BTW, in my original article I was merely explaining why (I thought) that
C++ did not allow user-definable operators.  I hope that I didn't give the
impression that I thought that this is impossible to define within the
language.

In article <1206@its63b.ed.ac.uk> db@itspna.ed.ac.uk (Dave Berry) writes:

>	Expression	C parse				(C++)++ parse 
>
>	a+++++b   	"a" "++" "+" "++" "b"		"a" "+++++" "b"
>	*++p		"*" "++" "p"			"*++" "p"
>
>However, C++ isn't source code compatible with C anyway, and this scheme
>would make the existing treatment of "/*" and "*/" examples of a general rule
>rather than a specific case.

There is very little that makes C programs choke in the C++ translator.  If
you fix the header files up (put in function prototypes, which will be
required by ANSI C anyway) and don't use any of the new keywords (I know
there are a few more little things but I don't have the C++ book handy
right now), I can compile my C program with my C++ compiler.  Changing the
rules from C to C++ is very undesirable.

>It would probably also make cases like the above
>easier to read, as they would have to be broken up:

I agree, but this should not be a design goal of the language (this does
not give me more expressive power, so why put it in?).

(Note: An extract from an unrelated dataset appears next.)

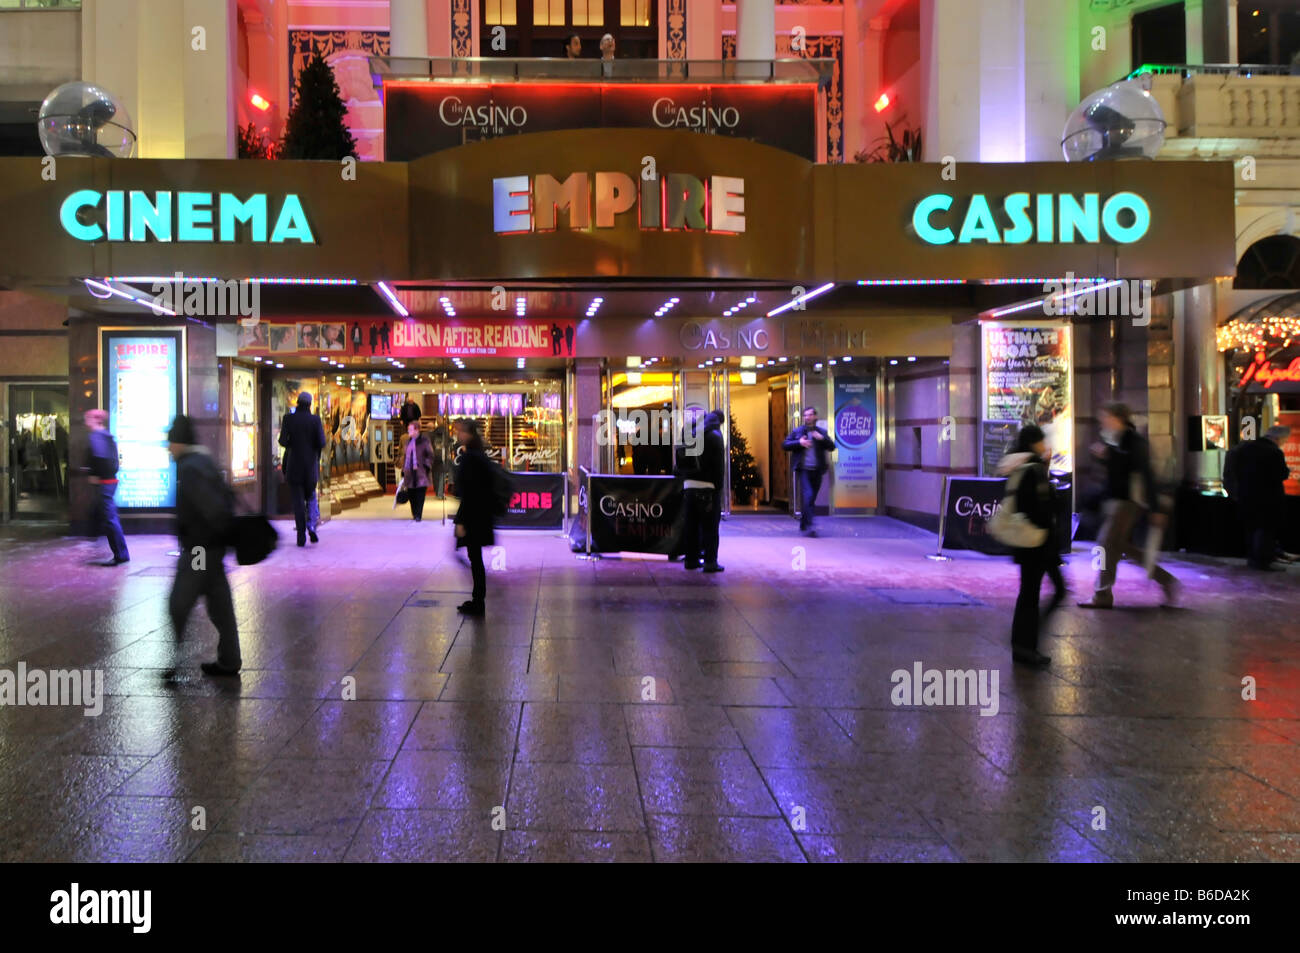 Abends Blick auf die Menschen auf dem Bürgersteig vor dem Empire Leicester Square Kino Casino Unterhaltungsgelände, in leuchtenden Farben, Flutlicht London England Großbritannien Stockfoto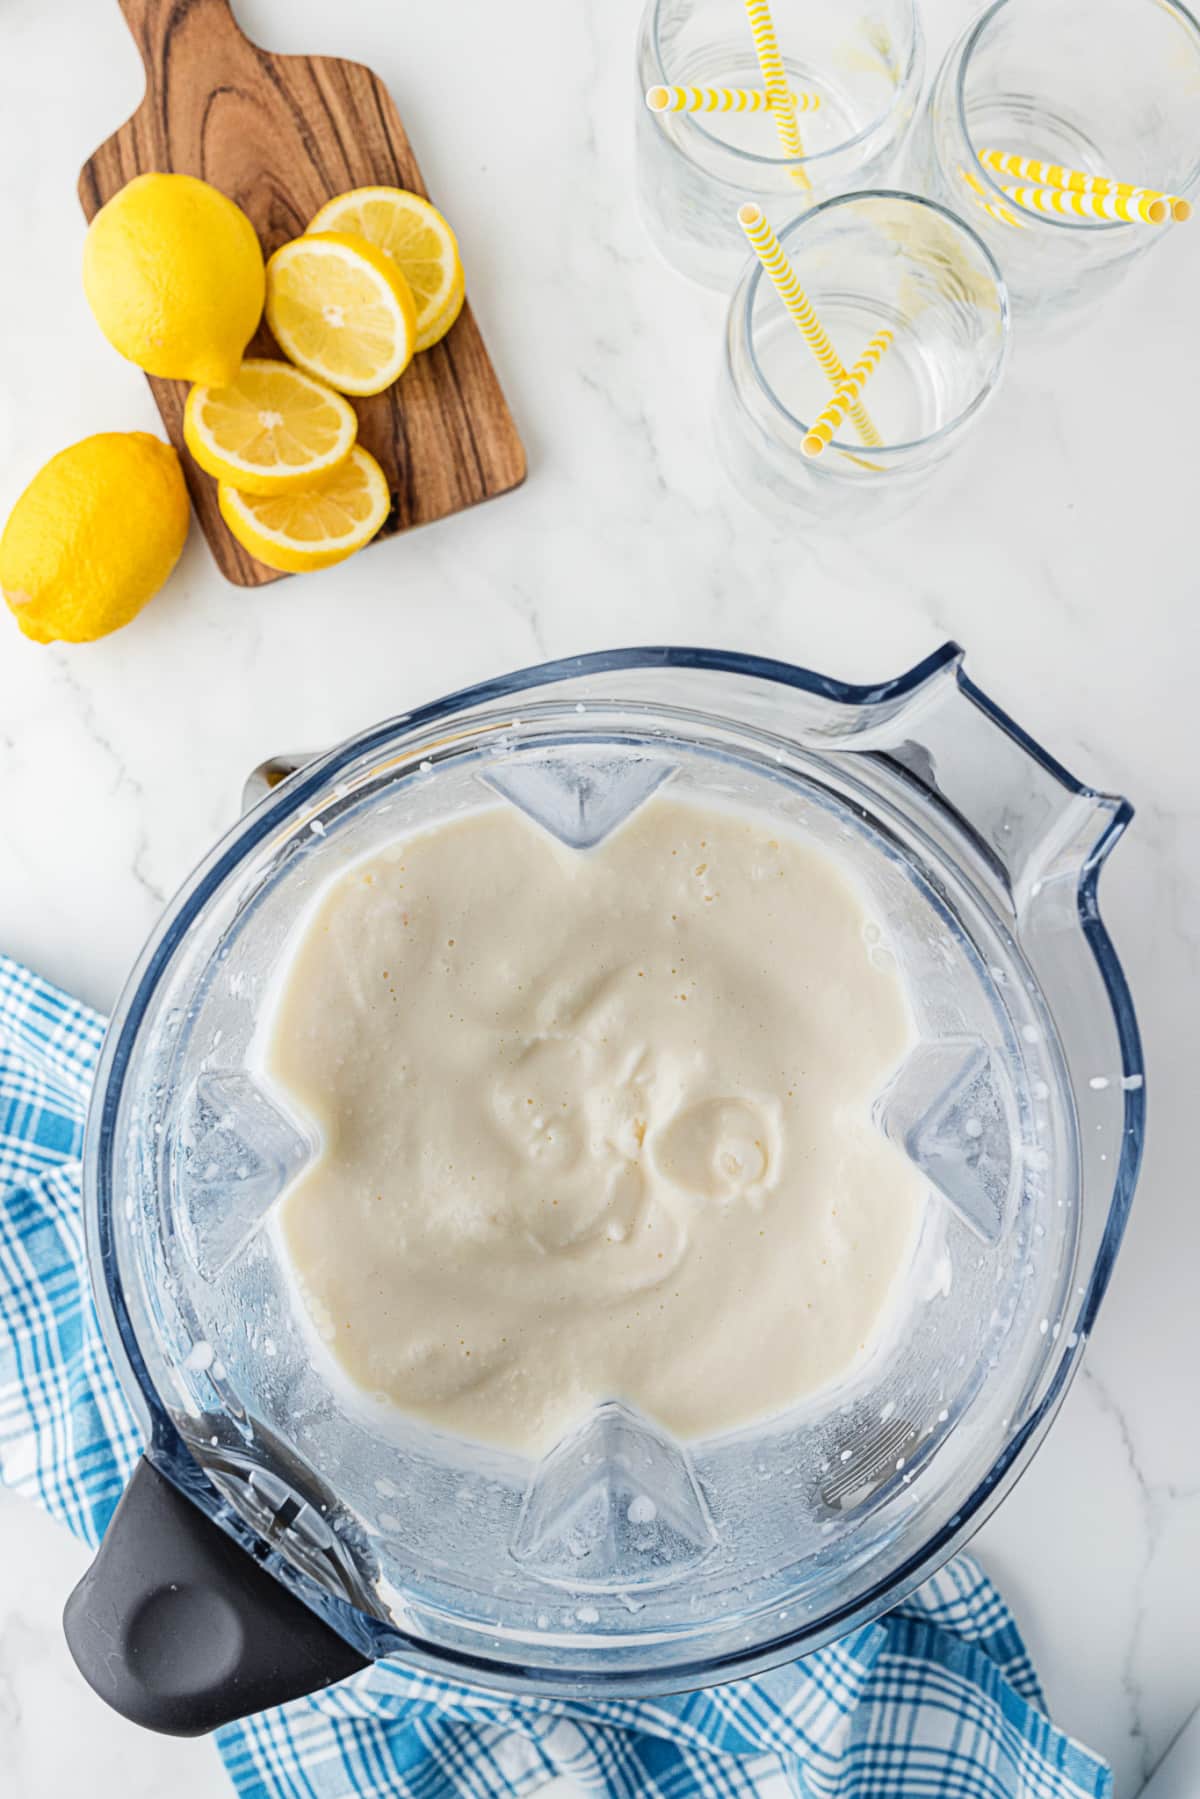 blended ice cream and lemons in a blender

A few things.  First, a syntax would have to be devised to allow the
overloading of the user-defined operators for the builtin types, such as
char, int, etc.

Secondly, what do you do about defining the order of precedence and
associativity of these user-defined operators?  If you make them all the
same, then what do you really gain by having infix instead of prefix; you
still need parens all over the place.  And where in the chart would you put
it?

Thirdly, there might be some problem in differentiating (at compile time)
which operators return lvalues and which do not.

Fourthly (is that a word? :-)), I wouild also like to be able to define my
own unary operators (both prefix and postfix).  Otherwise the same question
which started this discussion comes up :-).


I am not saying that it is impossible to allow user-definable operators in
C++, only that it may not be desirable and that if it is desirable it needs
a lot more planning than we have done so far.
-- 
 _ __			NEVIN J. LIBER	..!ihnp4!ihlpf!nevin1	(312) 510-6194
' )  )				"The secret compartment of my ring I fill
 /  / _ , __o  ____		 with an Underdog super-energy pill."
/  (_</_\/ <__/ / <_	These are solely MY opinions, not AT&T's, blah blah blah

daniels@teklds.TEK.COM (Scott Daniels) (04/28/88)

In article <1206@its63b.ed.ac.uk> db@itspna.ed.ac.uk (Dave Berry) writes:
>...I'm not proposing user defined operators should be added to C++; I'm just
>attempting to show that it could be done and to point out some of the problems
>that would need to be resolved.  Please follow up if I've missed anything.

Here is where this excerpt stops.